I think you may have got a little mixed up in your notation.
The conjugacy class of a single element $h$ in a group $G$ is defined to be $\{xhx^{-1}: x\in G\}$. This is usually denoted by $C_{h}$. It is a subset of $G$ and with the exception of when $h$ is the identity element it is NOT a subgroup of $G$.
Conjugation is a group action on the group itself and so the conjugacy classes are the orbits of this action and as such partition $G$. Thus two conjugacy classes are either equal or disjoint.
Now there is a result that says that in $S_{n}$ two permutations are conjugate if and only if they have the same cycle type (when decomposed into disjoint cycles). Thus the conjugacy class of a 5-cycle in $S_{5}$ is the set of all the 5-cycles in $S_{5}$.Thus for your example $C_{(12345)}$ is the set of all the 5-cycles of $S_{5}$. I think this is possibly what you want to find.

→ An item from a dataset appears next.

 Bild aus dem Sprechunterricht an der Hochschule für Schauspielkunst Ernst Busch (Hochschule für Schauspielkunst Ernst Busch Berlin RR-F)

However in case what you want to find is the object you defined, $Cl_{S_{5}}(<\sigma>)$, proceed as follows. So as you run through each $h\in <\sigma> $, to get the set you want to find, $Cl_{S_{5}}(<\sigma>)$, you get the set that is the union of each of the conjugacy classes of each of your elements of $<\sigma>$. Thus all you have to do is evaluate $<\sigma>$ and then see which cycle types this subgroup contains. In general your answer will NOT be a subgroup and the union of conjugacy classes is not in general a subgroup (though sometimes is).

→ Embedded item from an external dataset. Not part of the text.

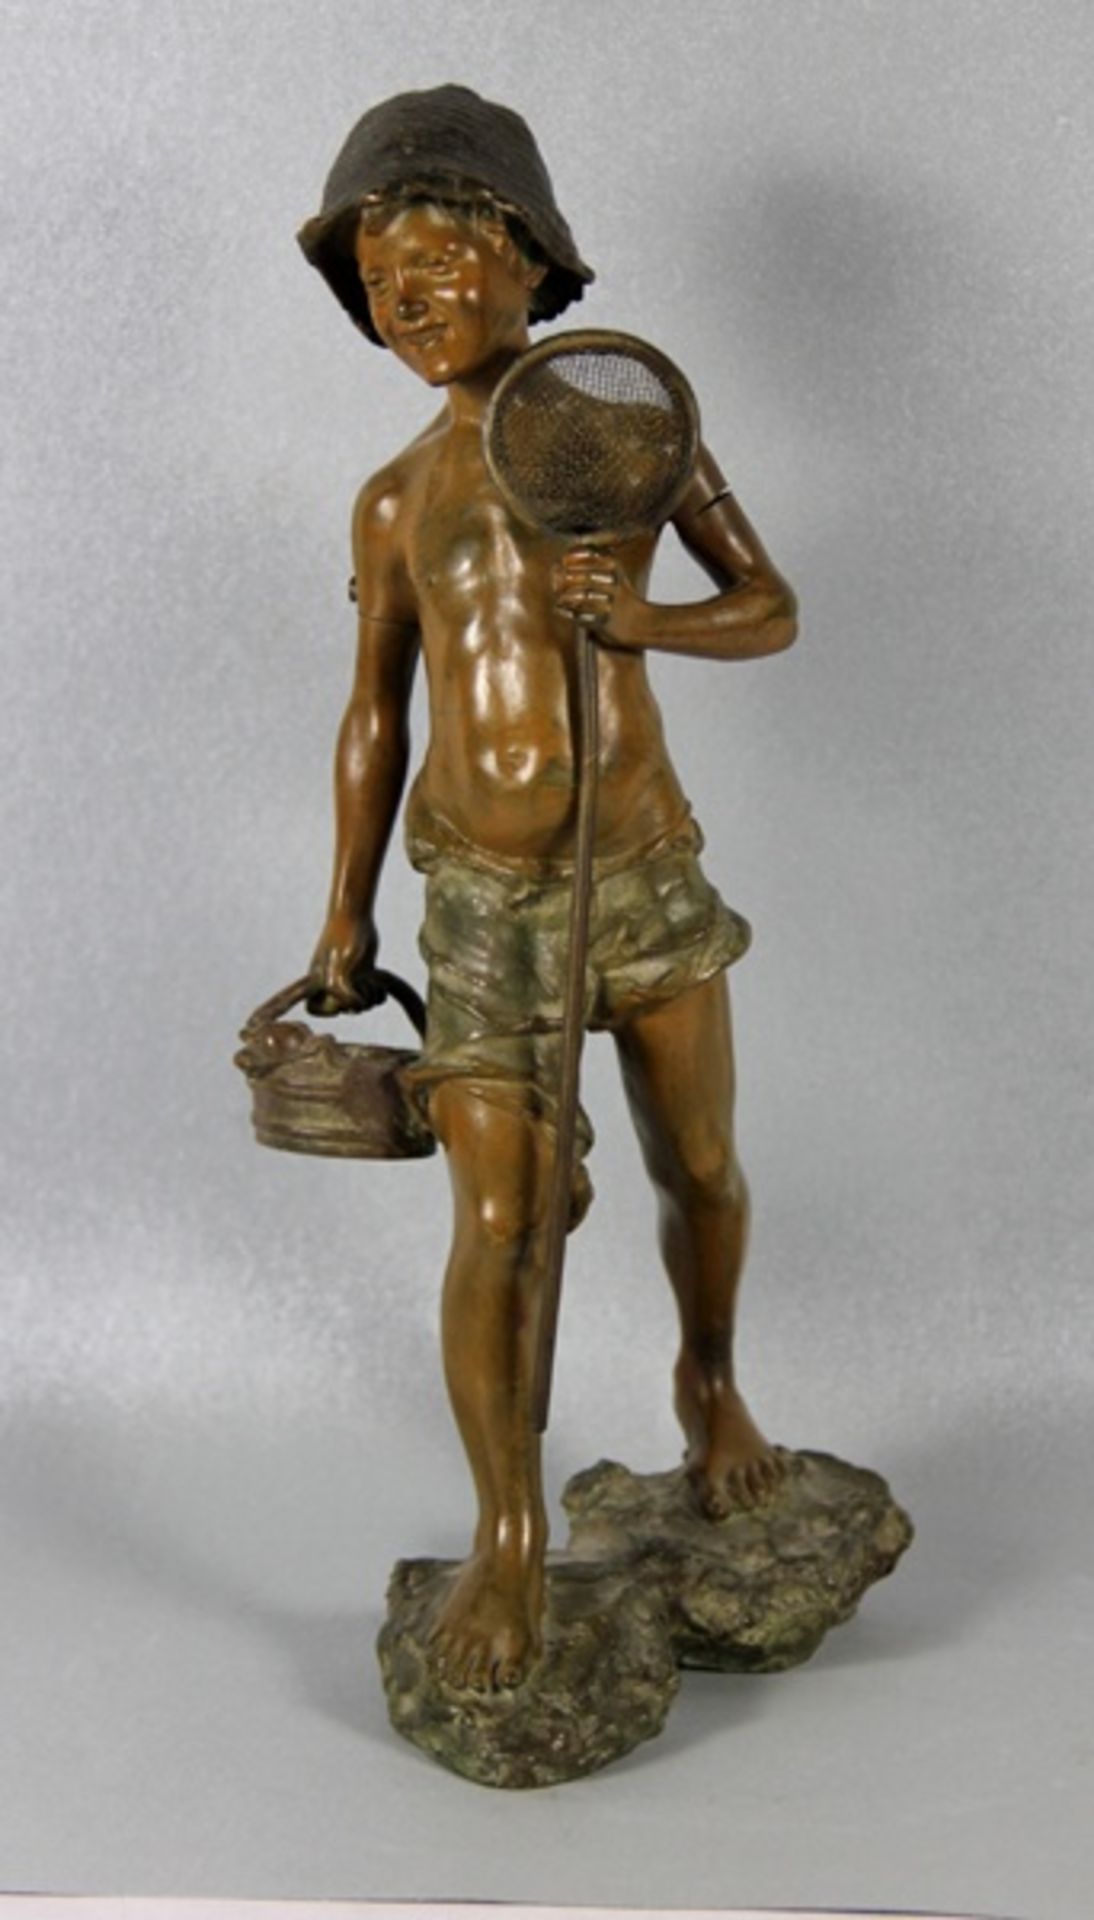 de Martino, Giovanni1870-1935/38, Bronze, Fischerknabe mit kurzer Hose und Mütze, in der einen

Are you sure this is the set you wanted to find?
To answer your follow-up comments.
Let $(a_{1} a_{2} a_{3} a_{4} a_{5})$ be a 5-cycle in $S_{5}$. You have 5 choices for$a_{1}$, 4 for $a_{2}$ and so on. So that is 5! possible cycles of length 5. However the same cycle can be written in 5 different ways (as $(a_{1} a_{2} a_{3} a_{4} a_{5}) = (a_{2} a_{3} a_{4} a_{5} a_{1})$ and so on). So the number of (distinct) 5-cycles in $S_{5}$ is 5!/5 = 4! = 24.
$<\sigma>$ means the subgroup generated by $\sigma$. This is the subgroup that consists or all powers of $\sigma$ (assuming using multiplicative notation for the B.O of the group, which is the case for $S_{5}$). Now you know that your 5-cycle (12345) has order 5 (so $(12345)^{5}=(1)$ where (1) denoted the identity permutation). Thus $<\sigma> = \{ (1),(12345), (12345)^{2}, (12345)^{3}, (12345)^{4} \} $. Now $(12345)^{2} = (12345)(12345)=(13524)$. Similarly you can find the other elements of$<\sigma>$.

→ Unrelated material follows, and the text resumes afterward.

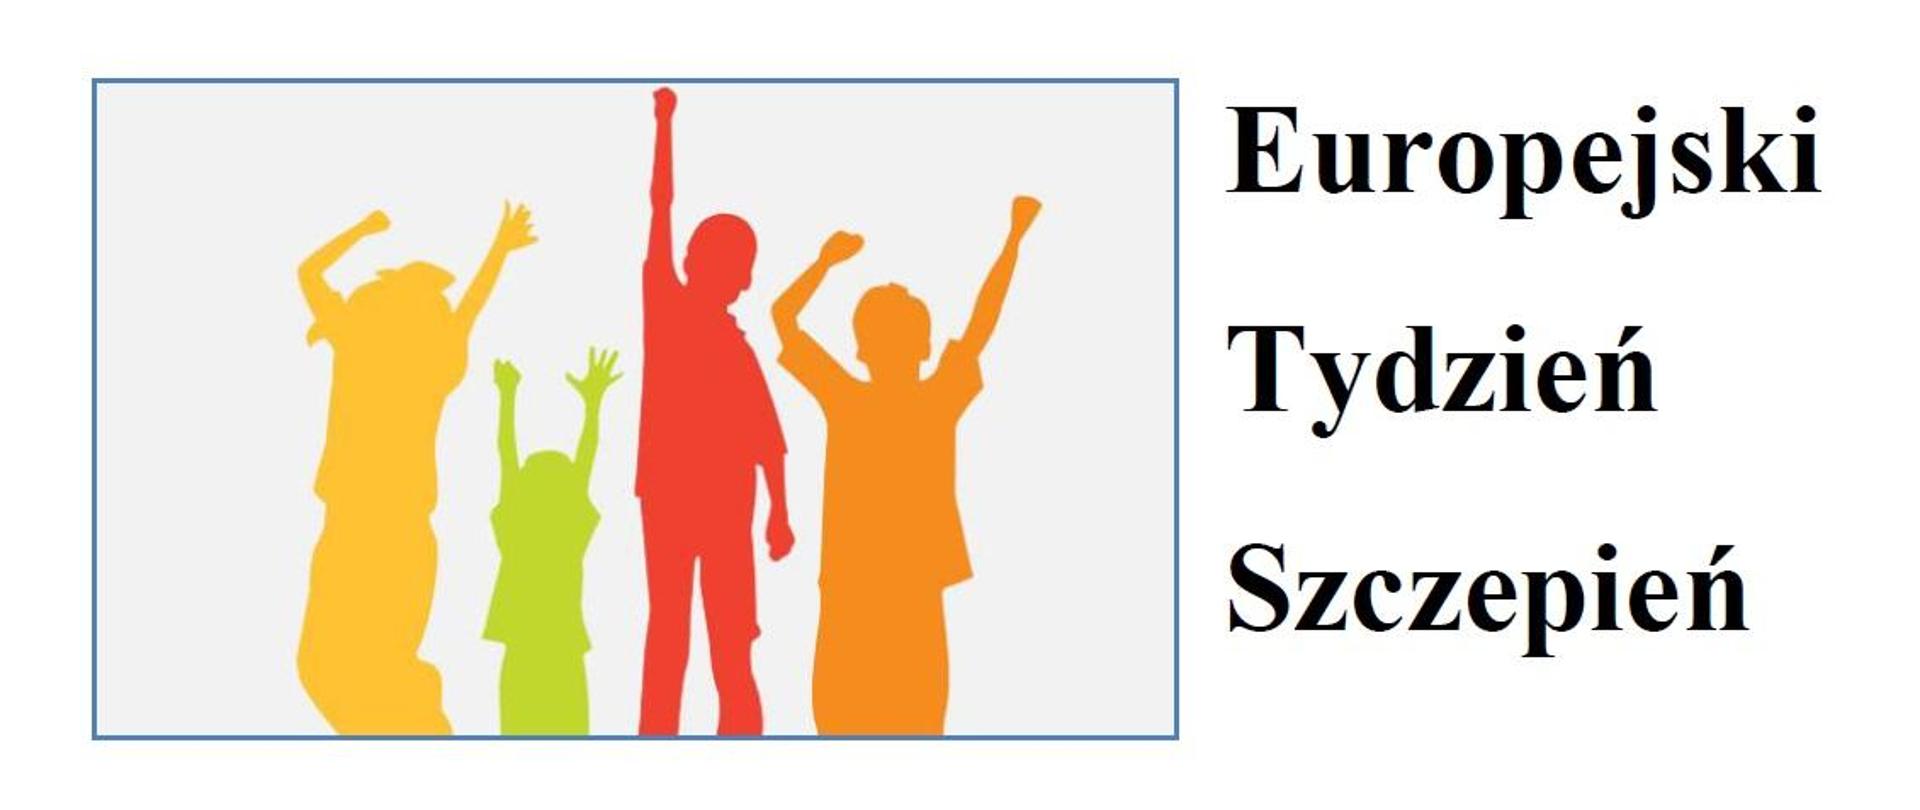 Z lewej strony kolorowe skaczące dzieci, z prawej napis "EUROPEJSKI TYDZIEŃ SZCZEPIEŃ"

There are some other important sets associated with groups which are
The centralizer of (the subset) $S$ of a group $G$, often denoted by $C_{G}(S)$ which is the set $\{ g\in G: gs=sg \mbox{ for all } s\in S\}$
The normalizer of $S$ in $G$ often denoted by $N_{G}(S)$ which is the set $\{ g\in G: gS=Sg \}$ which is not (in general) the same thing as the centralizer.
The centre of $G$ usually denoted bt $Z(G)$ which is the set $\{ z\in G: zg=gz \mbox{ for all } g\in G\}$.
Finally two subgroups $H,K$ of $G$ are called conjugate if there exists a $g\in G$ such that $H =gKg^{-1}$
Not sure what you have been told $N<\sigma>$ means.
I hope this helps.
This extension of the answer is to try and answer you latest comment. If by "the conjugacy class of $<\sigma>$ in $S_{5}$" you/your lecturer means the set of all subgroups that are conjugate to $<\sigma>$ (and I do not know if that is what is meant since it is not a standard phrase) then you can proceed as follows. The order of $<\sigma>$ is 5 and the order of $S_{5}$ is 5! and so $<\sigma>$ is a Sylow 5-subgroup of$S_{5}$ (since 5!=5(4!) and 5 does not divide 4! and 5 is prime). Thus using Sylow's third theorem the number of Sylow 5-subgroups $k$ say (which is the number you are looking for) satisfies $5\mid k-1$ and $k\mid 4.3.2.1$ so $k\mid 24$. Thus you get $k=6$.
I hope this helps